Many programming languages provide the capability to use regular expressions and Python is no exception. The [re module][1] is part of the Python standard library and gives Python programmers all the necessary tools to use regular expressions. The official documentation has a good tutorial for beginners on [how to use regular expressions in Python][2] that I recommend reading through in addition to this text.

## Mini-Programming Language

Regular expressions are a miniature programming language that have their own strict set of rules just like any other language. Regular expression syntax is written as a string mixing **literal** and **special** characters. 

### Literal vs Special Characters

There are two distinct categories of characters within a regex string - **Literal** and **Special**

* **Literal** - these characters don't have any special meaning. They simply represent themselves. They are also referred to as **regular** characters.
* **Special** - these characters do have a special meaning and do not represent themselves literally. It is these special characters that provide the power in regular expressions. They are also referred to as **metacharacters**.
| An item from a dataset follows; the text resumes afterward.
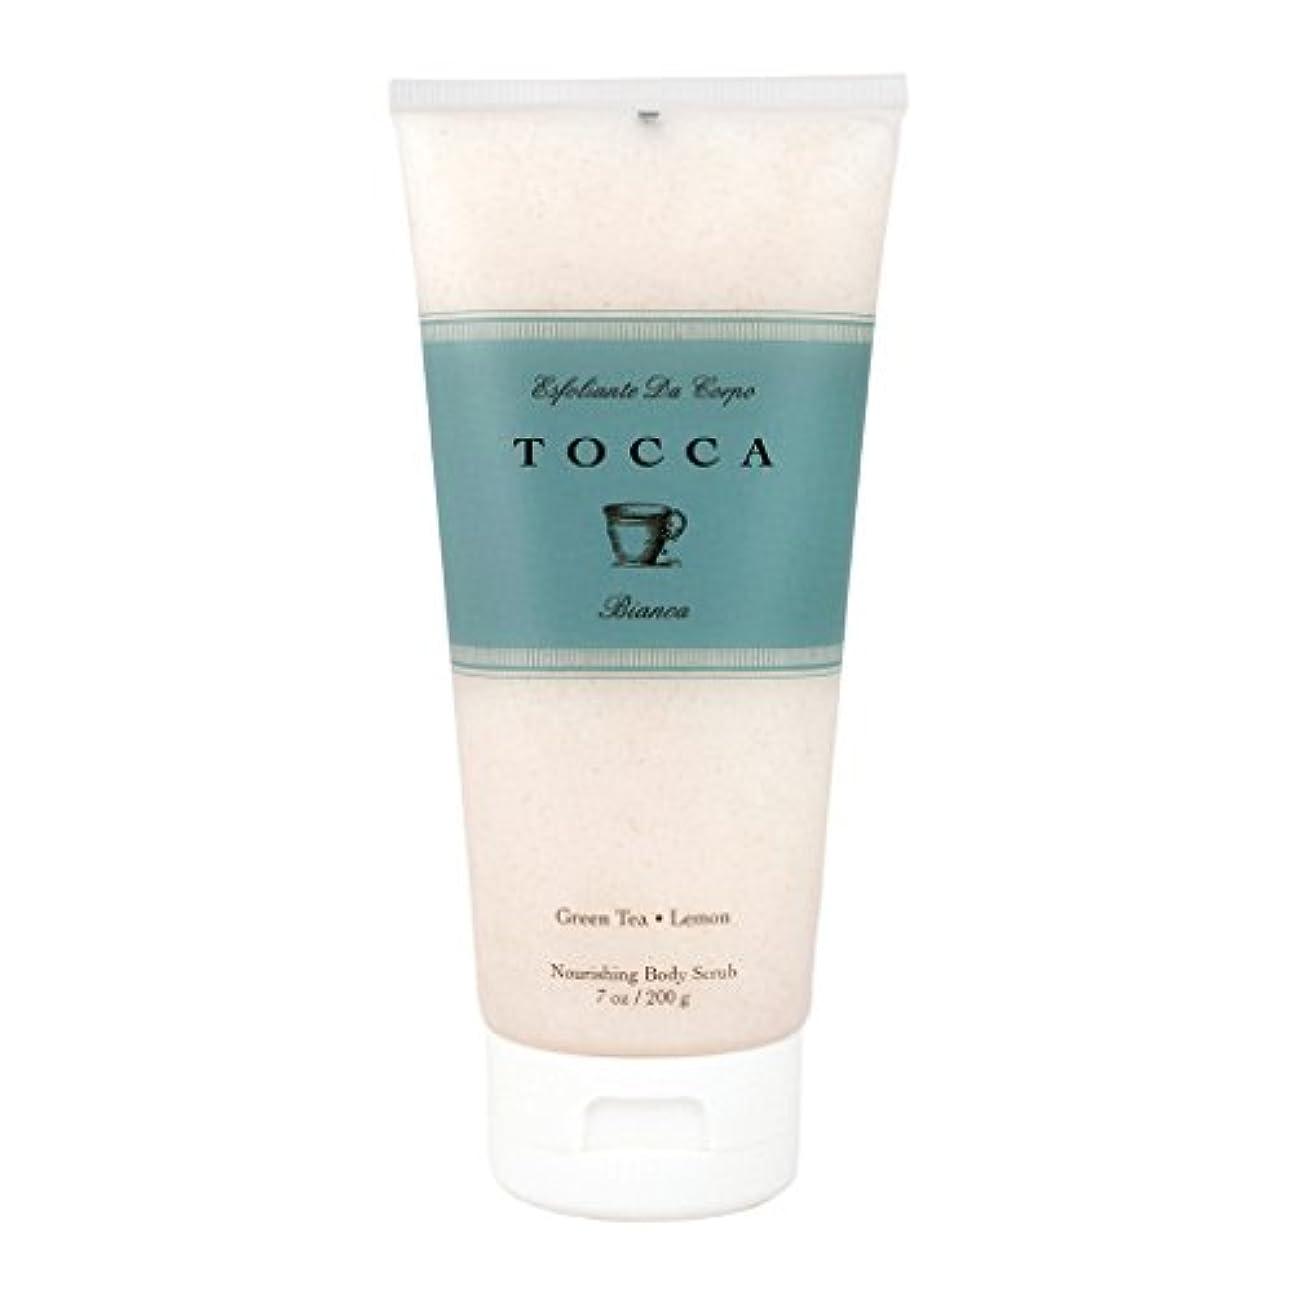 ネット椅子好意トッカ(TOCCA) ボディーケアスクラブ  ビアンカの香り 200ml(全身?ボディー用マッサージ料 シトラスとグリーンティー、ローズが絶妙に溶け合ったほのかに甘さ漂うフレッシュな香り)

### Different flavors of regex

Different programming languages (Python, Perl, Java, etc...) have their own "flavor" of regex syntax. The vast majority of regex syntax between programming languages overlap, but there are some differences. You might not be able to copy and paste a regex solution you find on Stack Overflow into your Python program if it comes from another language. This text only covers regex for the Python programming language.
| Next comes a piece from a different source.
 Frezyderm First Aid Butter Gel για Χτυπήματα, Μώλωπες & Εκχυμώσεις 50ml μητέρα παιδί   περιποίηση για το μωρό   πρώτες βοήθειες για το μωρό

## Regular expressions in pandas

While learning how to use the `re` module is a valuable addition to your toolset, it is not necessary in order to use regular expressions in pandas. The **regex pattern** is what is key and the focus of these chapters. You will learn the fundamentals of how to create regex patterns to match particular parts of text.
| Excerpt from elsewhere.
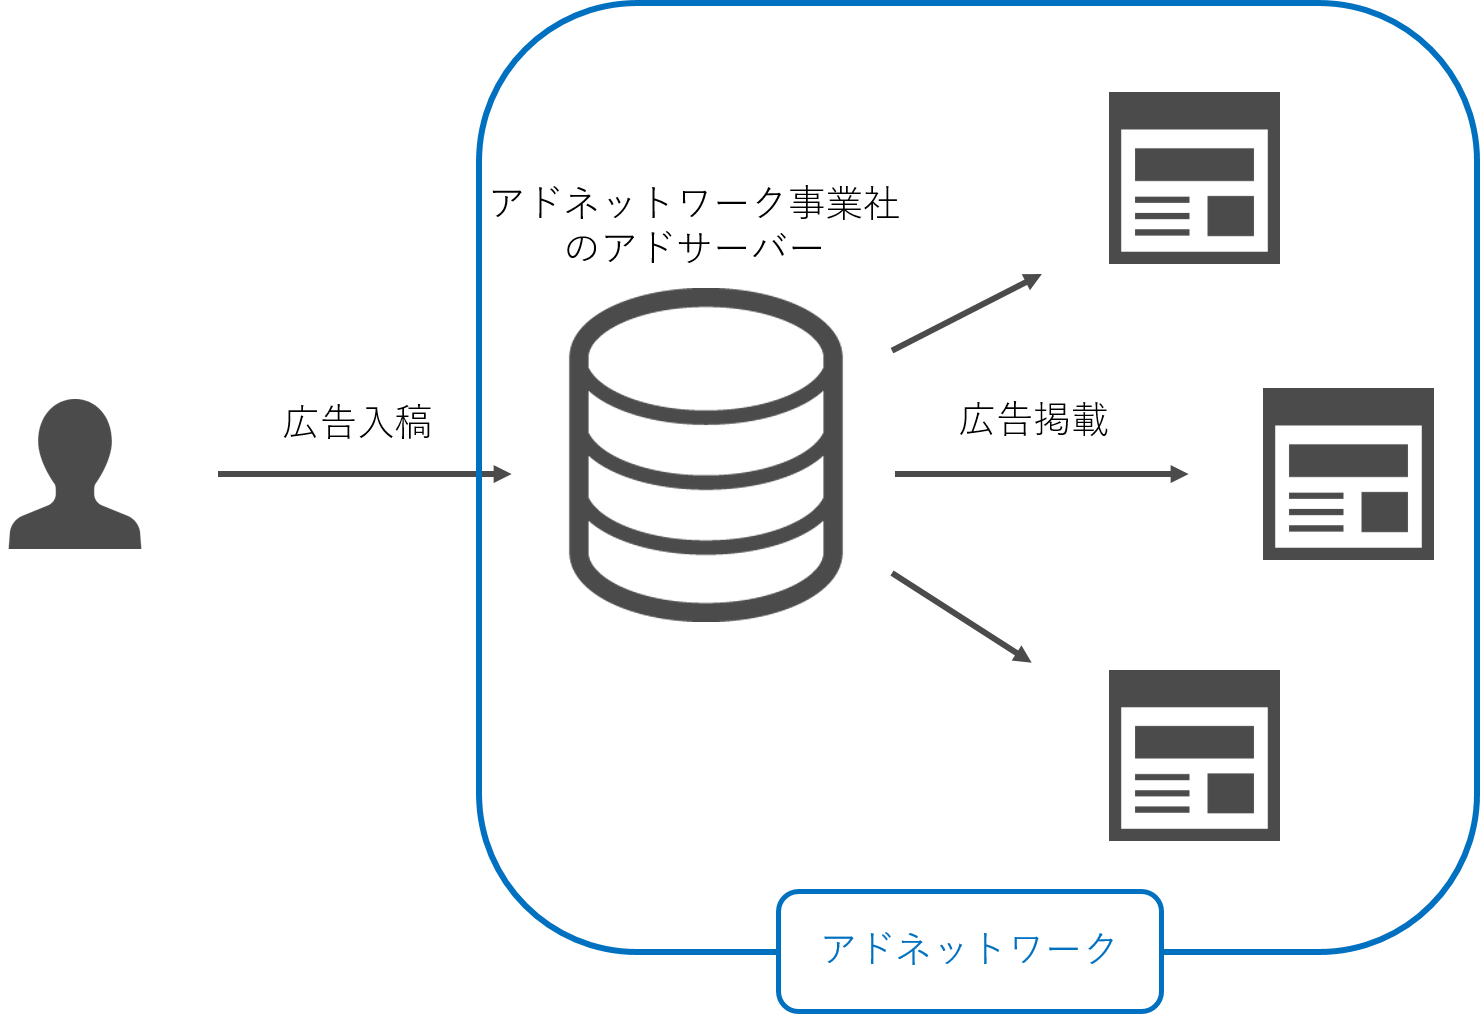 アドネットワークのイメージ図

### Matching patterns in pandas string Series

Because we are using pandas, we will be matching patterns within Series containing strings (those with data type object or string). There are several methods that accept regex pattern strings as input with the `contains` and `extract` method being common.

### The `contains` and `extract` string Series methods

Most of our work in this part of the  book will be with the `contains` and `extract` string Series methods available from the `str` accessor. The `contains` method accepts a regex pattern and returns a boolean for each value informing us whether or not the string matched the given pattern. The resulting boolean Series can be used to filter the data.

The `extract` method also accepts a regex pattern, but allows us to extract any number of matched patterns from each value in the Series. For instance, we may want to extract the domain name from each email address.

### Movie titles

Let's get started with regexes by reading in the movie dataset and selecting the `'title'` column. We'll use it to match a variety of different patterns.

[1]: https://docs.python.org/3/library/re.html
[2]: https://docs.python.org/3/howto/regex.html

In [None]:
import pandas as pd
movie = pd.read_csv('../data/movie.csv')
title = movie['title']
title.head(3)

## Matching with only literal characters

The simplest regex patterns you can write contain only literal characters. These strings will look like any ordinary string. Let's search for movies that have the word `'World'` in them.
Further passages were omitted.